→ **Goal of the exercise**: Write again exactly the lines in the listing below, starting at the line with "Preconceito: Mito da" and ending at the line with "气球 上 社交 网络 图标", both included. Pictures are not copied.

→ **Source information**:
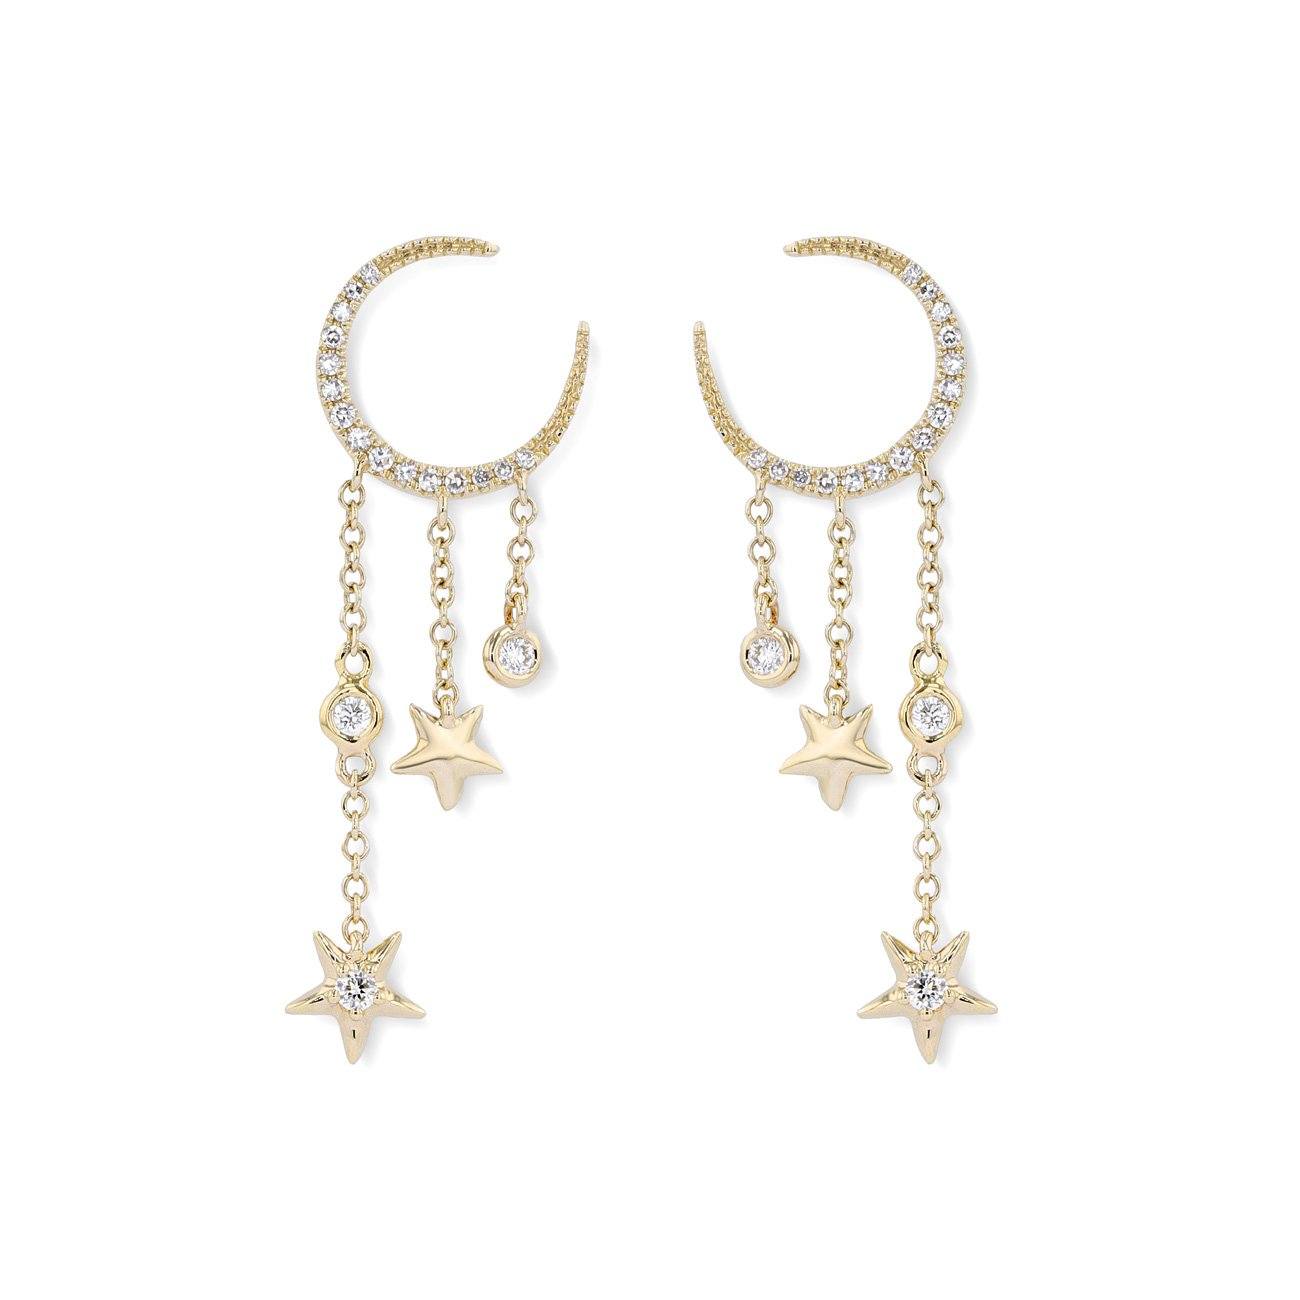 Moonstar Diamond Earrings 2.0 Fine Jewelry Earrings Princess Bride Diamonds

...

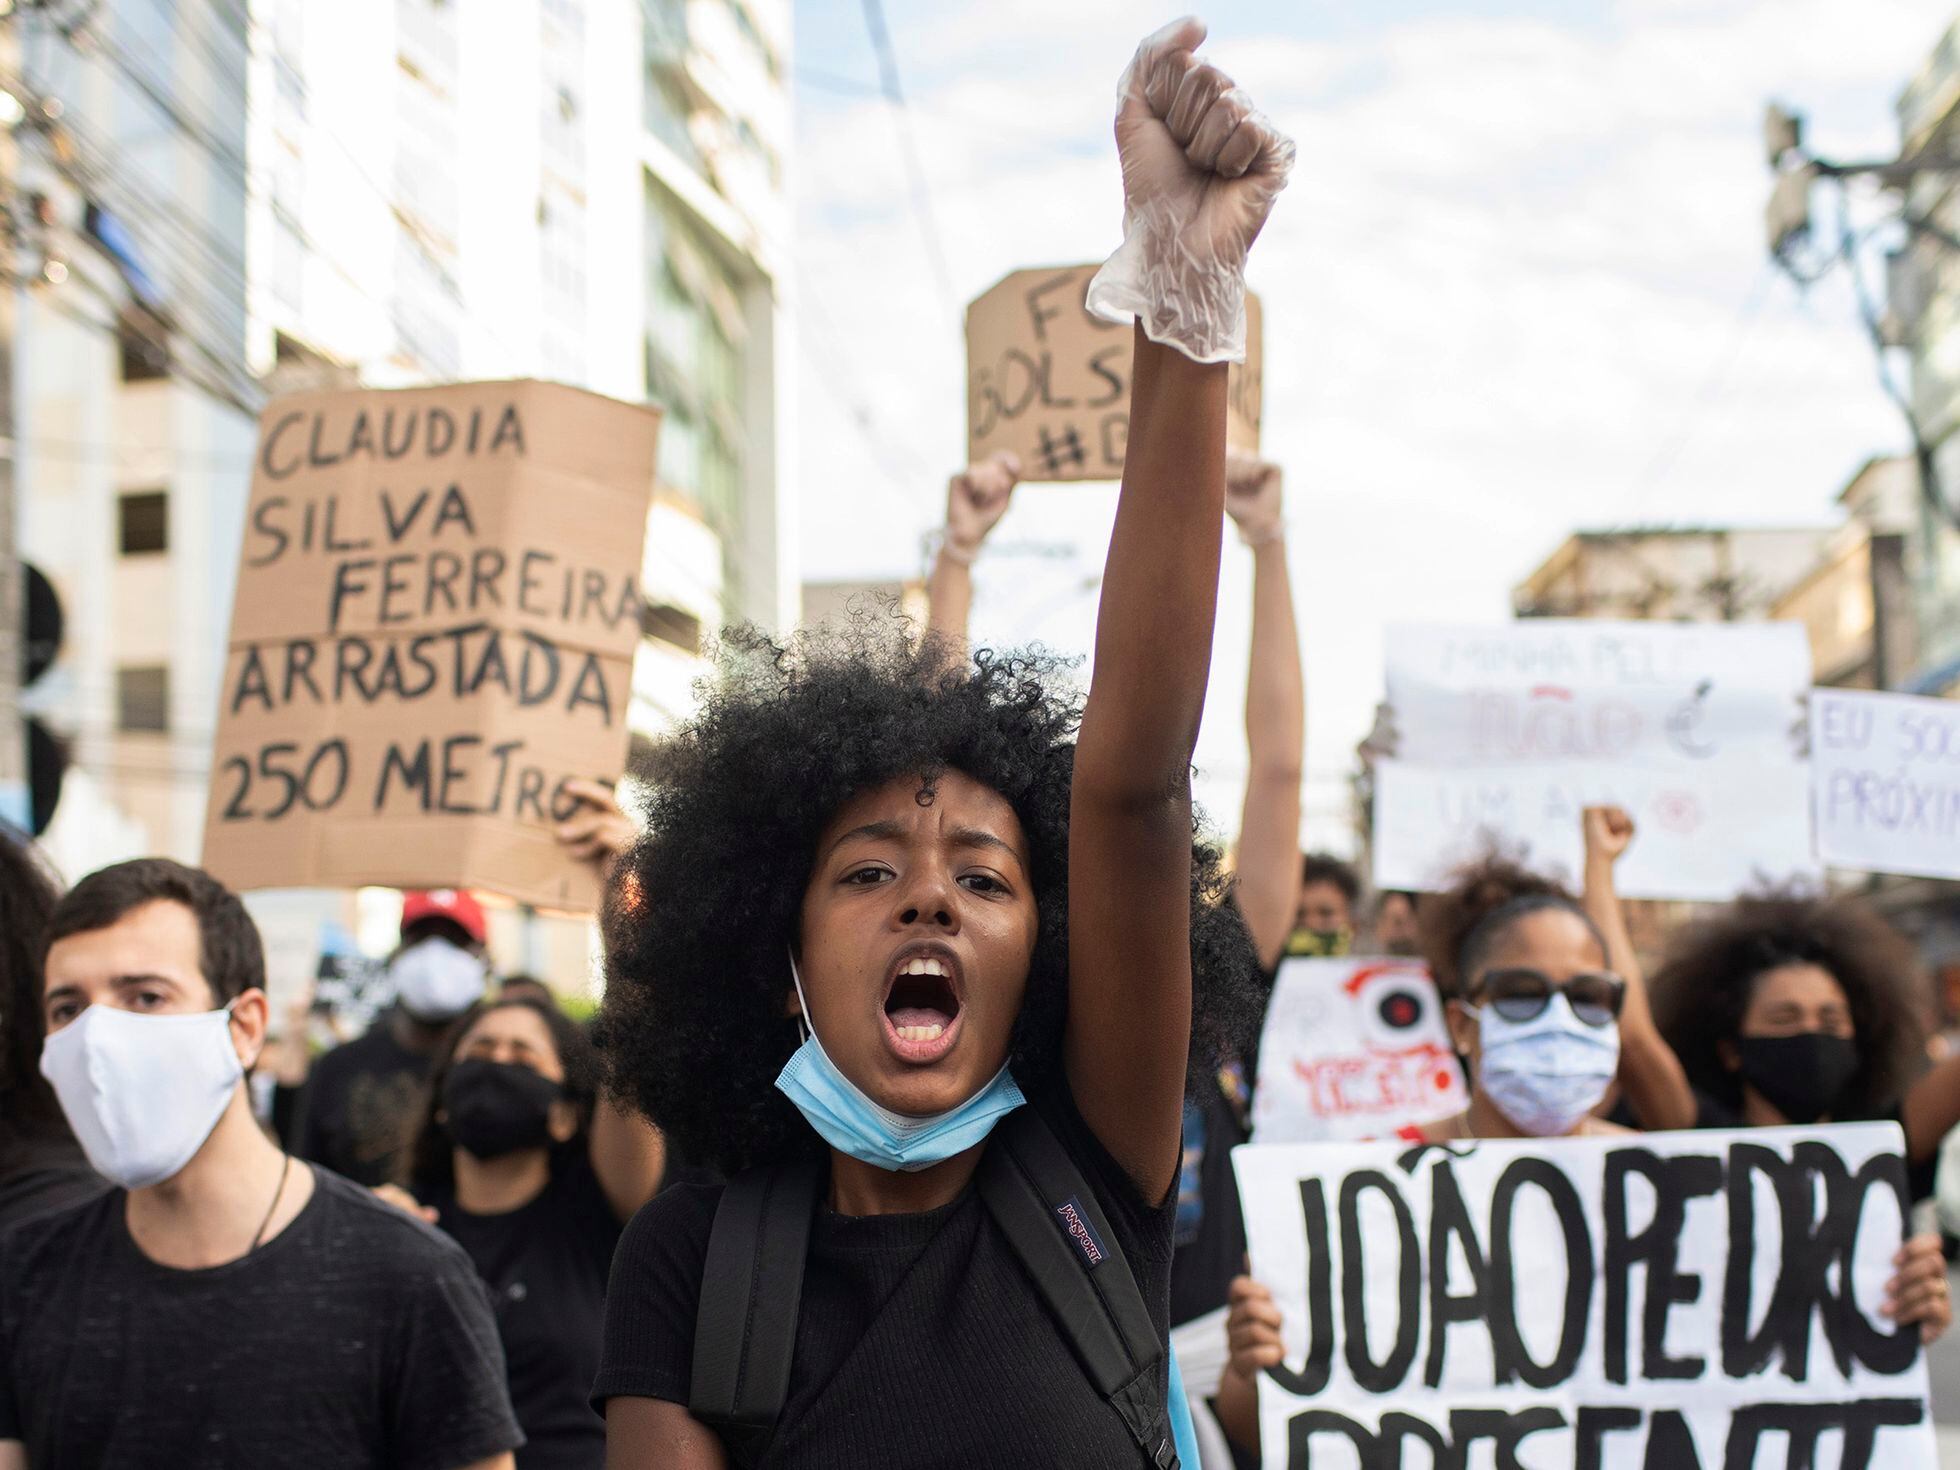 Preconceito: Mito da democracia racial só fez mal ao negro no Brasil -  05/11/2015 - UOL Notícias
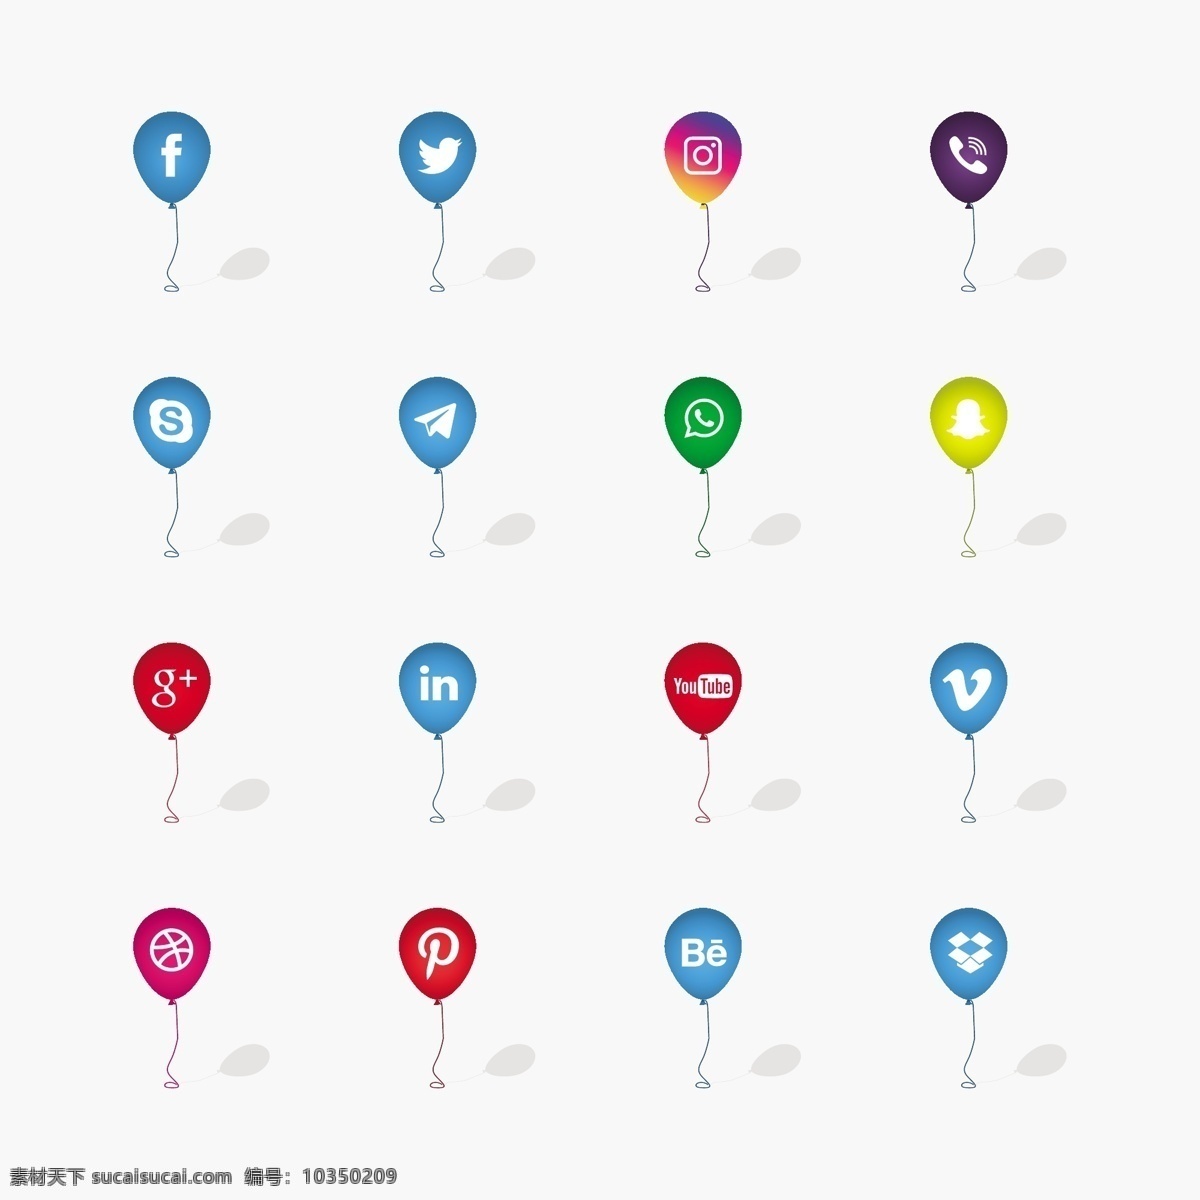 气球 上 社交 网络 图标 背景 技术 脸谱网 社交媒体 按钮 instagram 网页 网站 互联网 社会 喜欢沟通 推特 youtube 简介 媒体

--

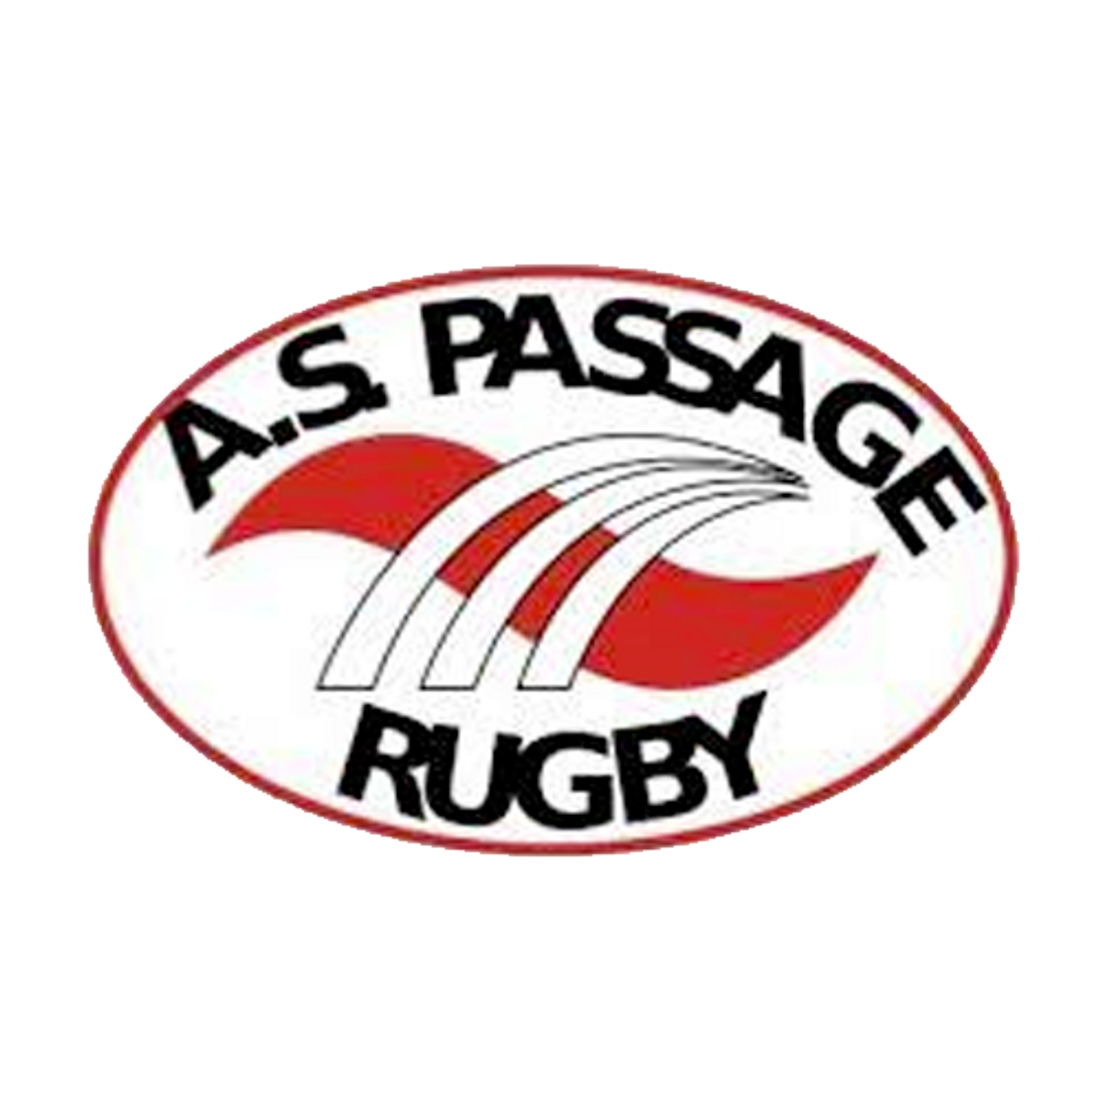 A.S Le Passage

→ **Reply to the task**:
 Preconceito: Mito da democracia racial só fez mal ao negro no Brasil -  05/11/2015 - UOL Notícias
 气球 上 社交 网络 图标 背景 技术 脸谱网 社交媒体 按钮 instagram 网页 网站 互联网 社会 喜欢沟通 推特 youtube 简介 媒体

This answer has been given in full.